To Be Optimal or Not in Test-Case Prioritization

Dan Hao, Lu Zhang, Lei Zang, Yanbo Wang, Xingxia Wu, Tao Xie

Research output: Contribution to journalArticle

Abstract

Software testing aims to assure the quality of software under test. To improve the efficiency of software testing, especially regression testing, test-case prioritization is proposed to schedule the execution order of test cases in software testing. Among various test-case prioritization techniques, the simple additional coverage-based technique, which is a greedy strategy, achieves surprisingly competitive empirical results.

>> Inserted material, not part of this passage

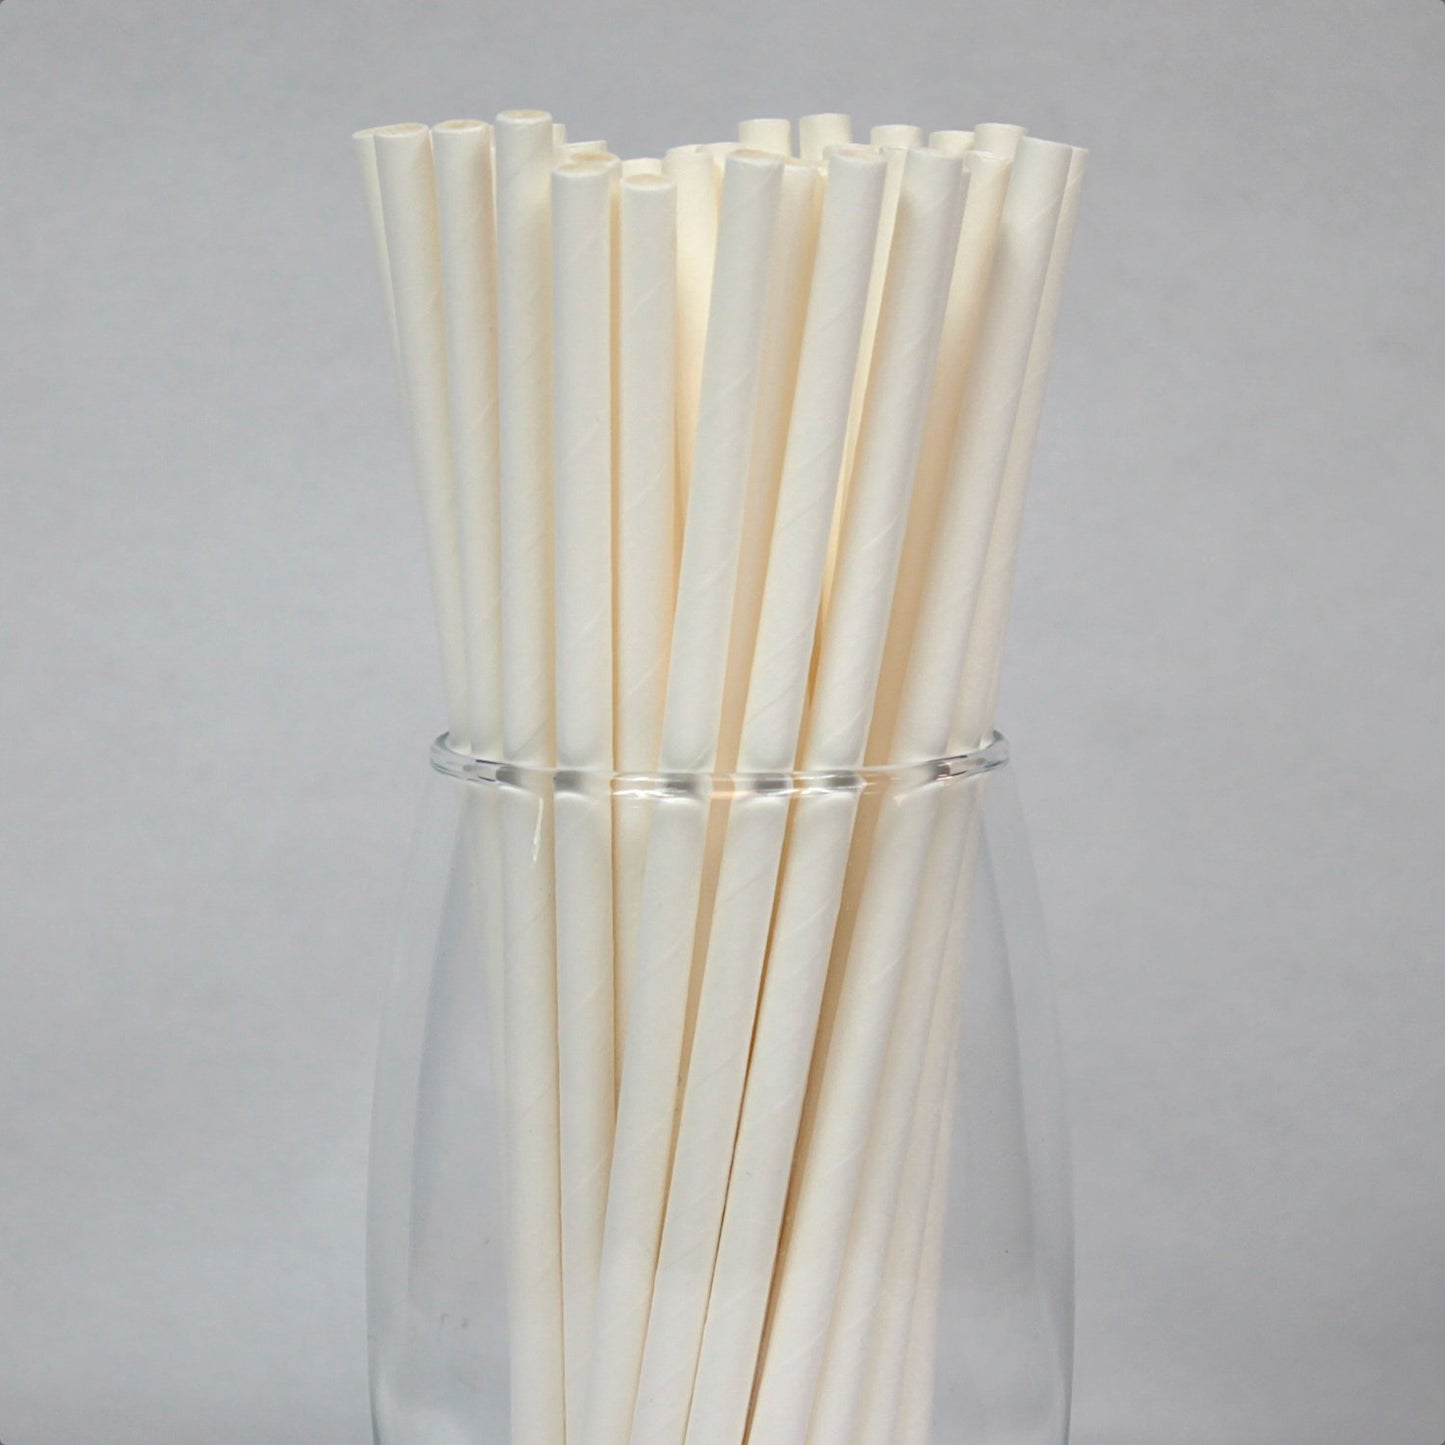 White Paper Straws (6mm x 200mm) - Quality Drinking Straws - Intrinsic Paper Straws

To investigate how much difference there is between the order produced by the additional technique and the optimal order in terms of coverage, we conduct a study on various empirical properties of optimal coverage-based test-case prioritization. To enable us to achieve the optimal order in acceptable time for our object programs, we formulate optimal coverage-based test-case prioritization as an integer linear programming (ILP) problem. Then we conduct an empirical study for comparing the optimal technique with the simple additional coverage-based technique. From this empirical study, the optimal technique can only slightly outperform the additional coverage-based technique with no statistically significant difference in terms of coverage, and the latter significantly outperforms the former in terms of either fault detection or execution time. As the optimal technique schedules the execution order of test cases based on their structural coverage rather than detected faults, we further implement the ideal optimal test-case prioritization technique, which schedules the execution order of test cases based on their detected faults. Taking this ideal technique as the upper bound of test-case prioritization, we conduct another empirical study for comparing the optimal technique and the simple additional technique with this ideal technique. From this empirical study, both the optimal technique and the additional technique significantly outperform the ideal technique in terms of coverage, but the latter significantly outperforms the former two techniques in terms of fault detection. Our findings indicate that researchers may need take cautions in pursuing the optimal techniques in test-case prioritization with intermediate goals.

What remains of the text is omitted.